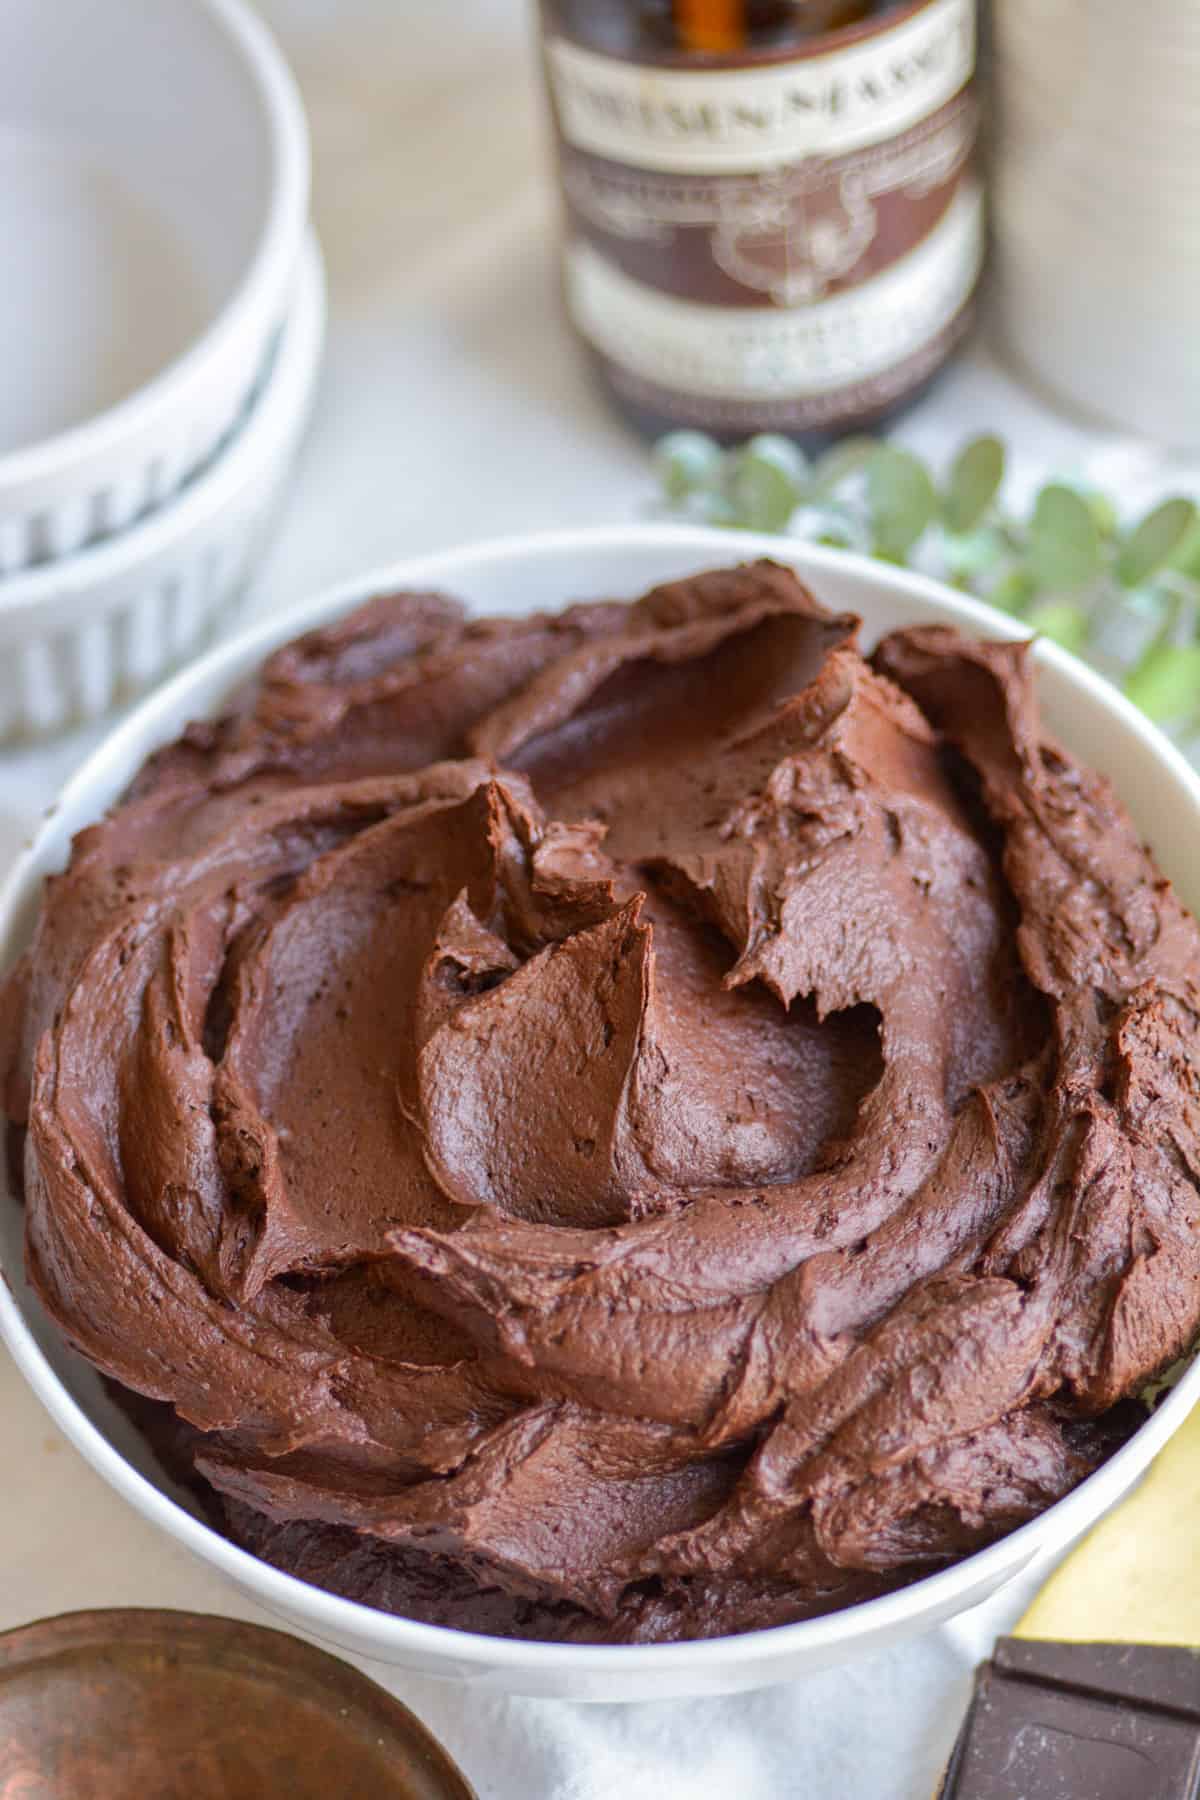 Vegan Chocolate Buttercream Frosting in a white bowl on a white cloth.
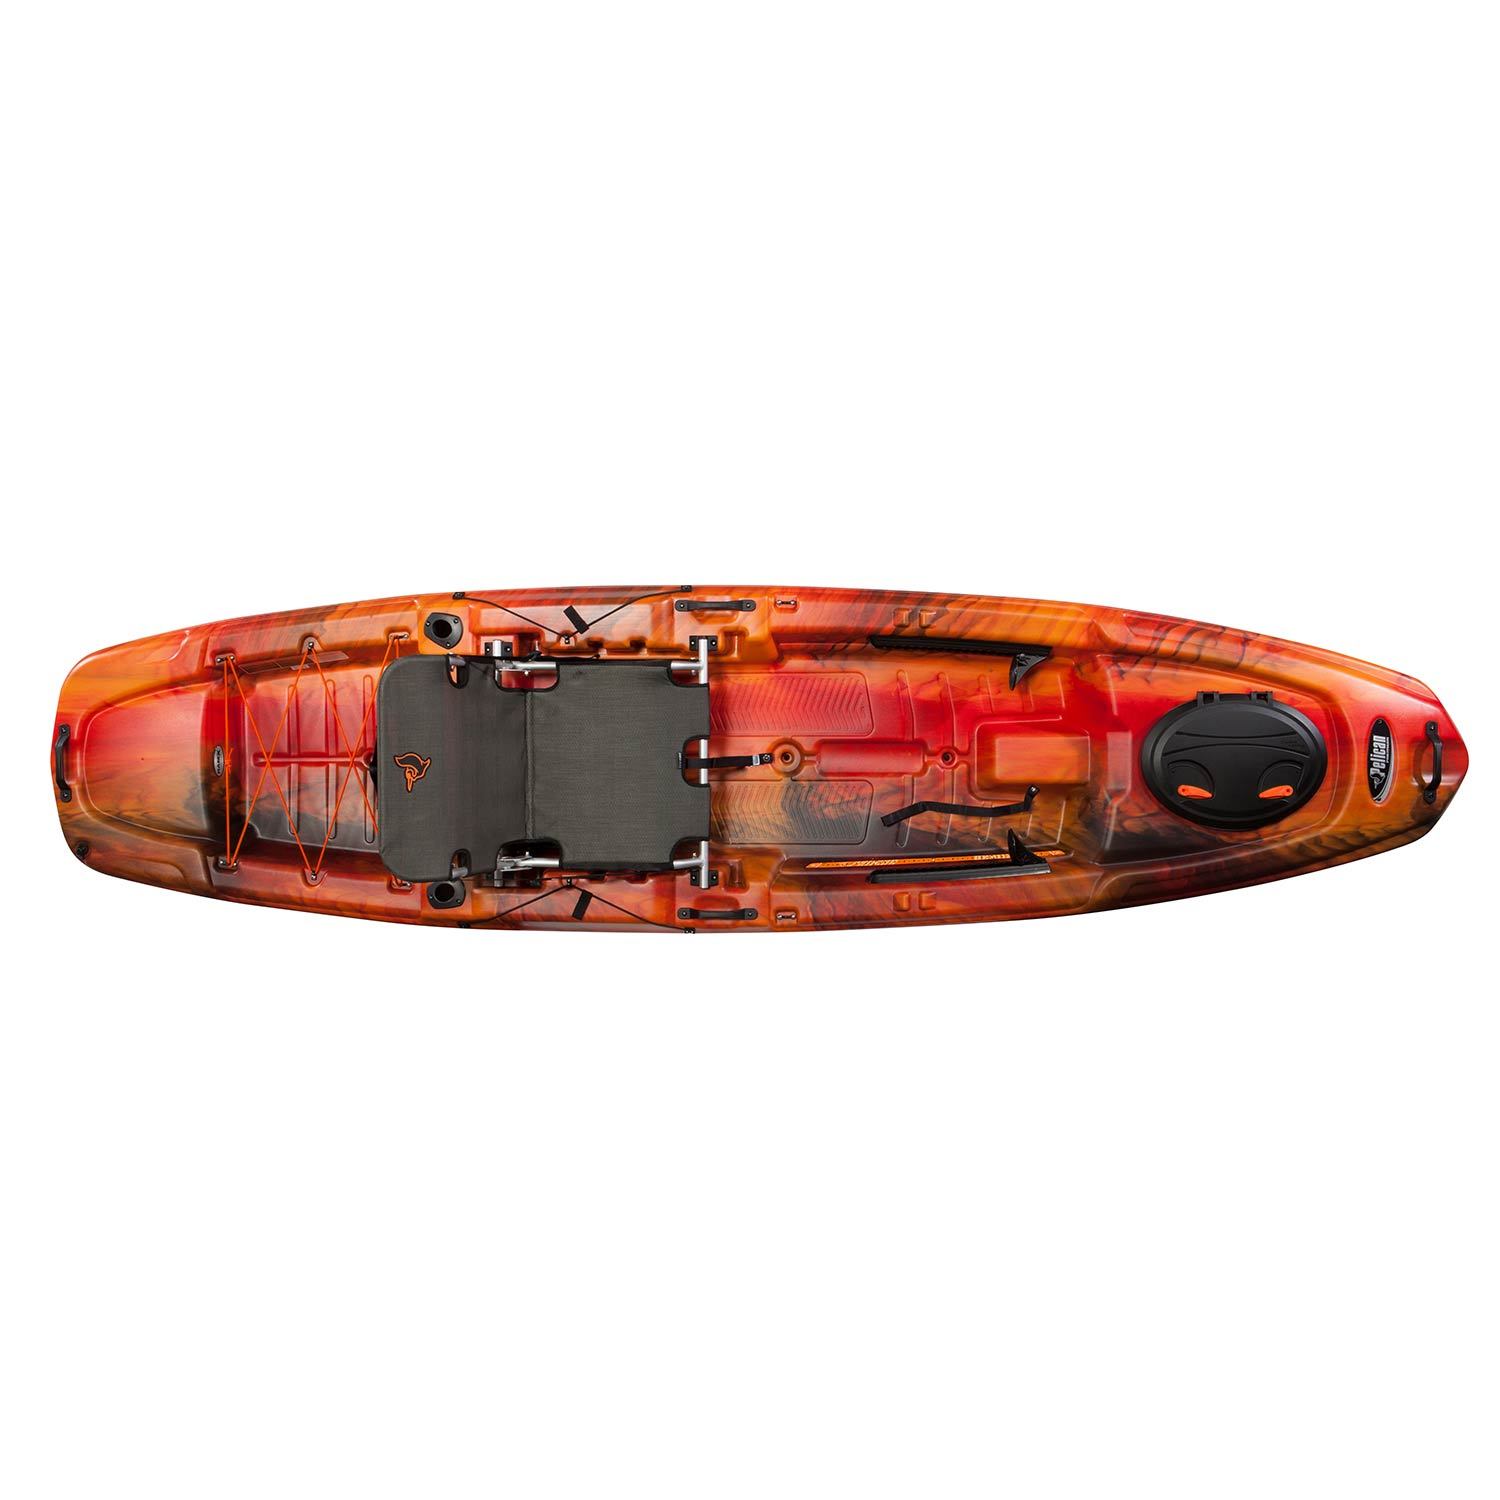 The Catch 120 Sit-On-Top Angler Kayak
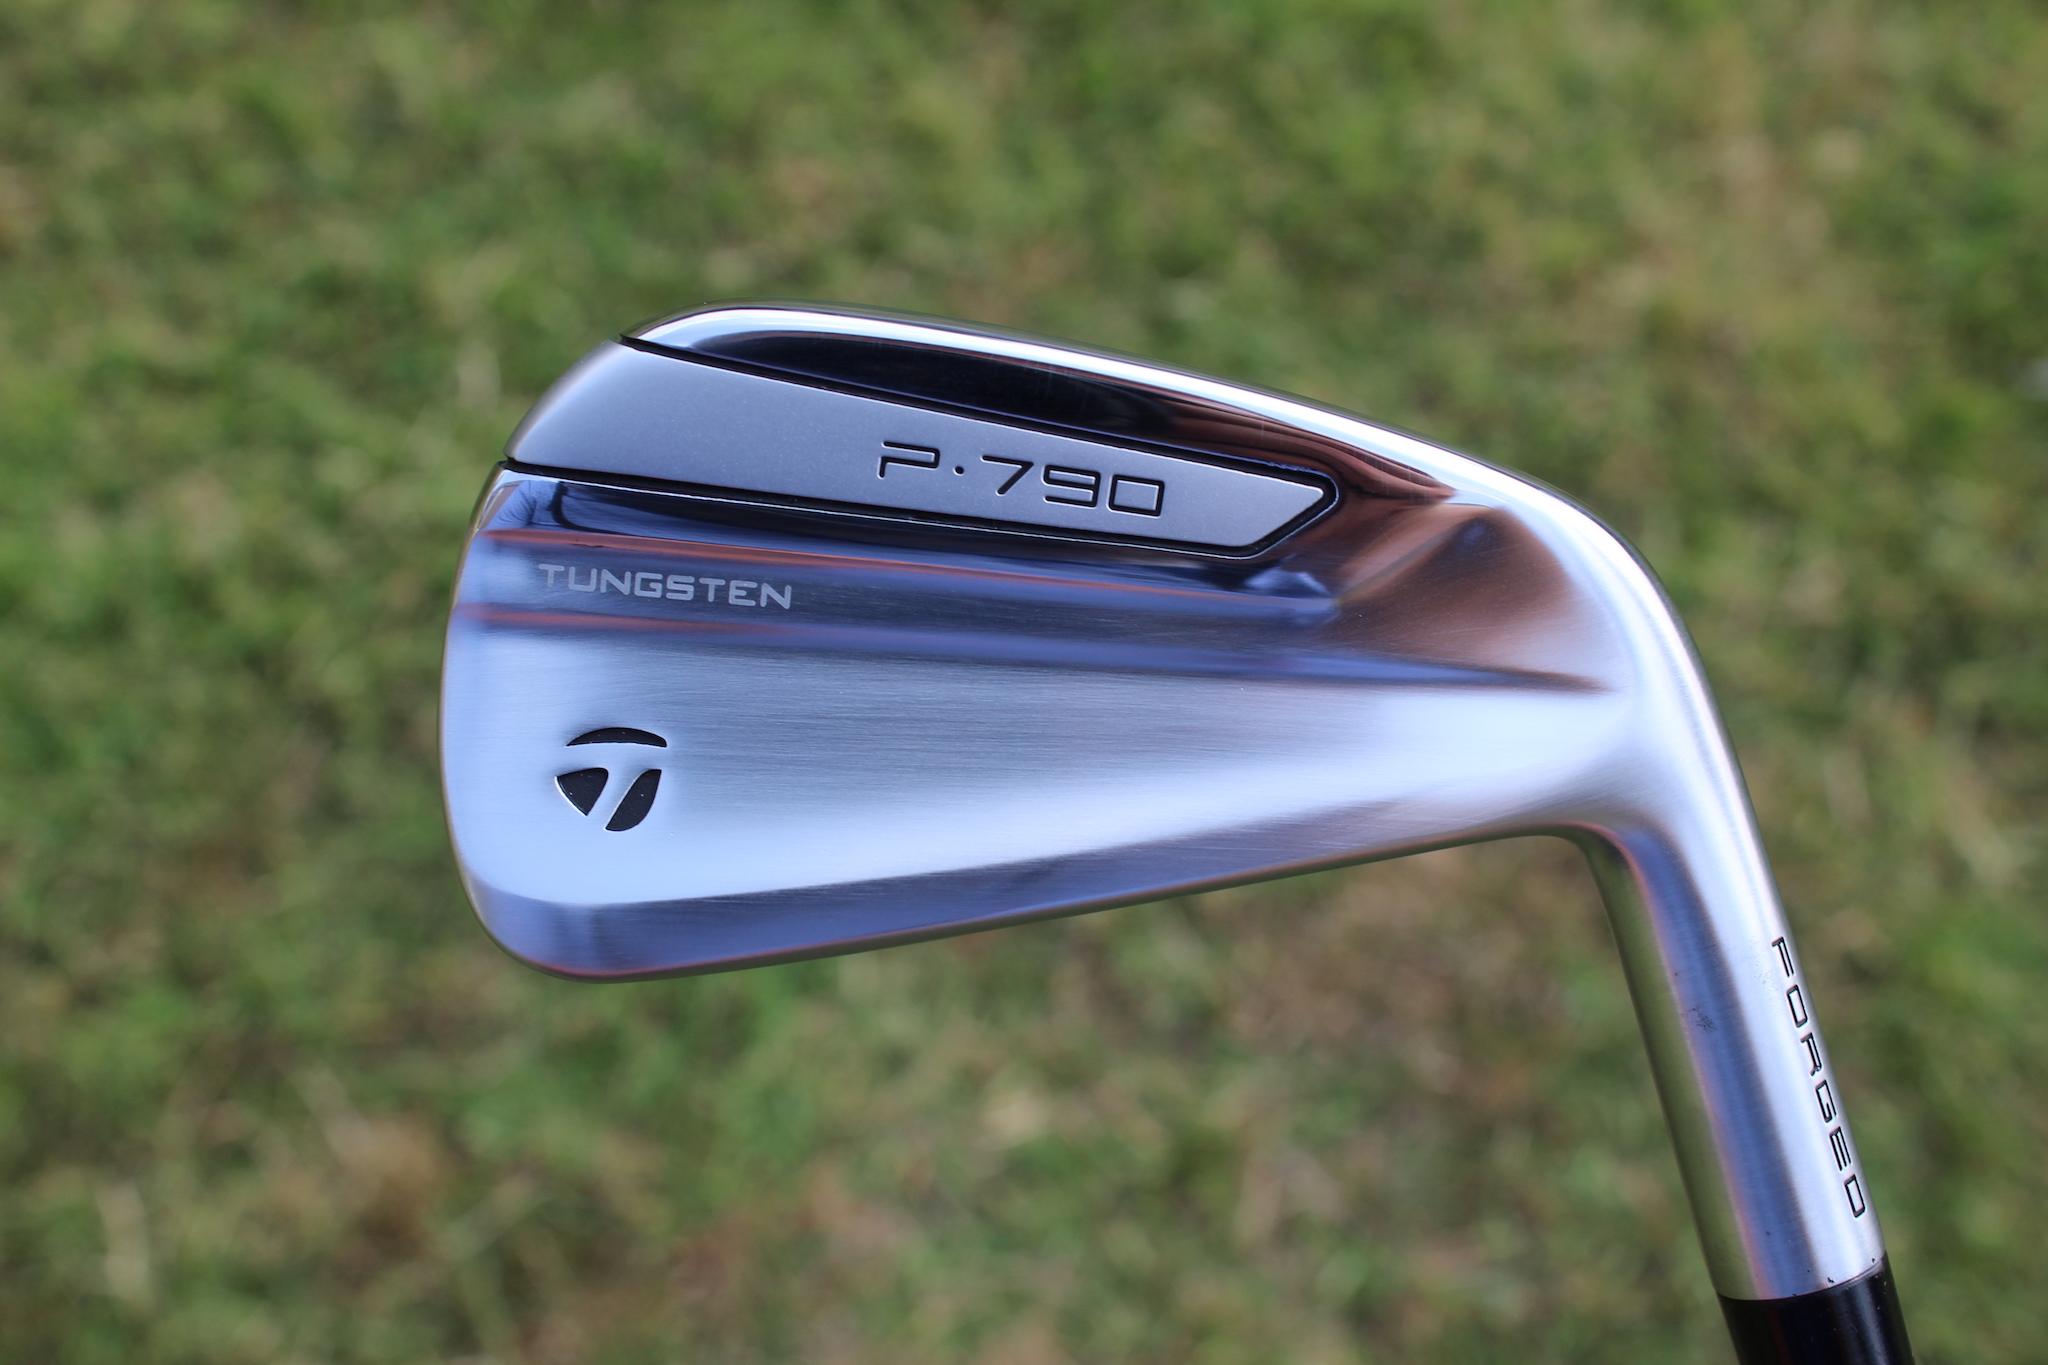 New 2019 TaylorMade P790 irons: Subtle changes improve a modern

What you need to do — Which lines run from the one containing "The Catch 120 Sit-On-Top Angler Kayak" to the end of the data above? Set down those lines exactly, and only those, without any pictures.

Result below —
 The Catch 120 Sit-On-Top Angler Kayak
 New 2019 TaylorMade P790 irons: Subtle changes improve a modern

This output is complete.